Would it make anybody rich and famous? Perhaps she would never show it to anyone.

When Mother had finished darning clothes and pruning fruit trees and painting Liza’s bedstead bright orange daisies on the corners, she went chatting round the villages to see what was doing.

‘What
was
doing?’ When she came home, Carrie and Michael were washing a horse rug in the sink, and Dad had some of the dogs lined up like sailors on pay day to catch dog biscuits.

Moses caught them in his long speckled jaws like an alligator. Liza’s old dog Dusty would not open his mouth at all. The biscuit bumped off his faded nose and he had to track it short-sightedly over the floor. Harry, silly half-brother of Moses, snapped wildly, jumping too high and slavering. Charlie didn’t bother to open his mouth until the last minute, then he caught the biscuit neatly and casually over his shoulder.

‘What
was
doing, Alice?’

‘The assistant cook at the school is leaving to have a baby. I may get the job.’

‘Now look here, Alice.’ Someone’s puppy flopped on to Dad’s foot and he flipped it off upside down, its legs bicycling round its fat stomach. ’I’m not going to have you breaking your back.’

‘I’ve done that once and it mended.’ Mother laughed and swung her yellow bell of hair, excited by the future. She lived in the expectation that something marvellous was just round the corner. Anything new, even boiling up carrots and jam roll for a hundred and fifty messy, grumbling chil
dren, was an adventure. ’Let me do this, just till you get some money for the book.’

‘Ah - and then you shall live like a lady. Jewels. Furs. Exotic perfumes. Champagne ...’

‘I don’t want to live like a lady.’ Mother kicked off her shoes and sat on the draining board to wash her feet in the horse rug water.

‘She’d give the jewels to the poor,’ Michael said.

‘And furs come from endangered species,’ Carrie said.

‘And exoct pre-fumes are made from the insides of cats,’ Michael said.

‘What about champagne then?’

They were stumped for a moment, then Carrie grinned and shouted, ’Picking the grapes is cruel to the birds!’ and Charlie shouted with her.

By opening his mouth wide and using a lot of breath, he could make sounds like loud talking, as long as you didn’t want consonants.

Dad threw him a biscuit, which he caught back and sideways with a flick of his head.

‘Well fielded, sir!’

‘If the balls weren’t so hard,’ Michael said, ’he could play for England.’

Actually, Charlie was not much good at balls. If you threw one for him, he either looked the wrong way, or took it under a bush and demolished it. When he went with Carrie and Lester and Michael on a further Brookside reconnaissance at half term, a tennis ball came sailing over the garden hedge as they were riding at the edge of the field behind the house. Charlie pounced on it and ran into the bushes.

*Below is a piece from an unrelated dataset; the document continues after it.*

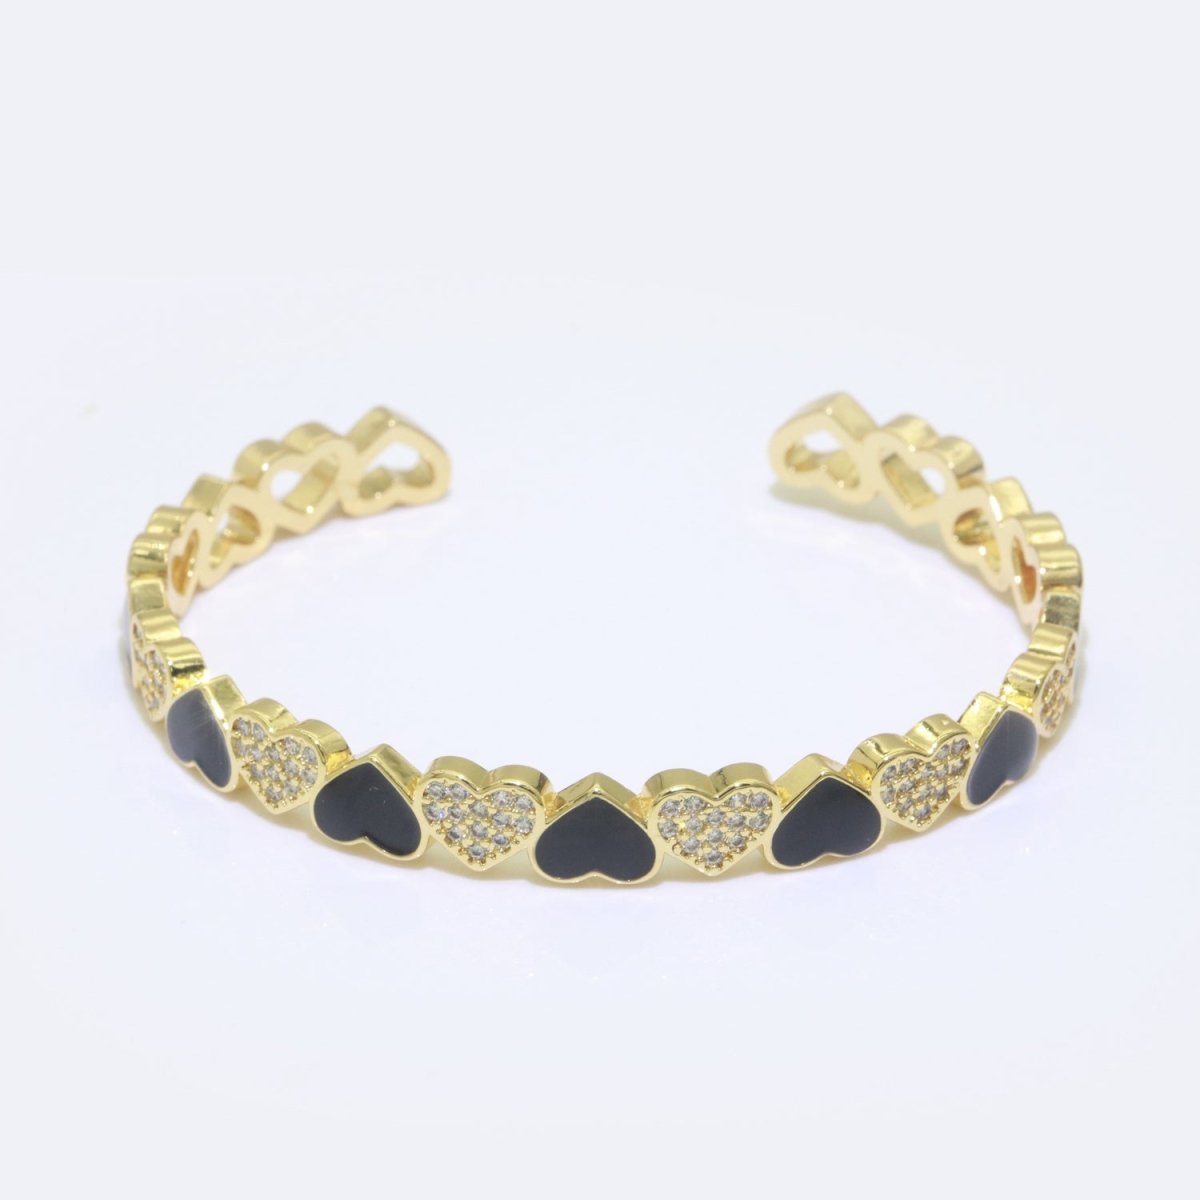 Black Heart Enamel 14k Gold Filled Adjustable Bangle, Gold Cuff Bangle Bracelet Micro Pave Jewelry - DLUXCA

Michael got off his pony and crawled in after him. Charlie’s jaws were clamped round a brand new ball. Michael got it out by putting a finger inside and tickling the roof of his mouth. He stood up to throw the ball over the hedge, but it went behind his head into the field. After two more tries, he turned round and lobbed it backwards over the hedge and into the Brookside garden.

Crash - clatter - tinkle. Yells from beyond the hedge. Michael dropped to hands and knees and peered through.

‘Straight into a cold frame.’ He backed out of the hedge with the shoulder of his jacket half torn away. ’What did I tell you? Two broken windows always means a third.’

They went round to the back gate. A hefty boy and girl in shorts much too cold for this weather were jumping about on the tennis court waving racquets and shouting, ’Thanks for the ball!’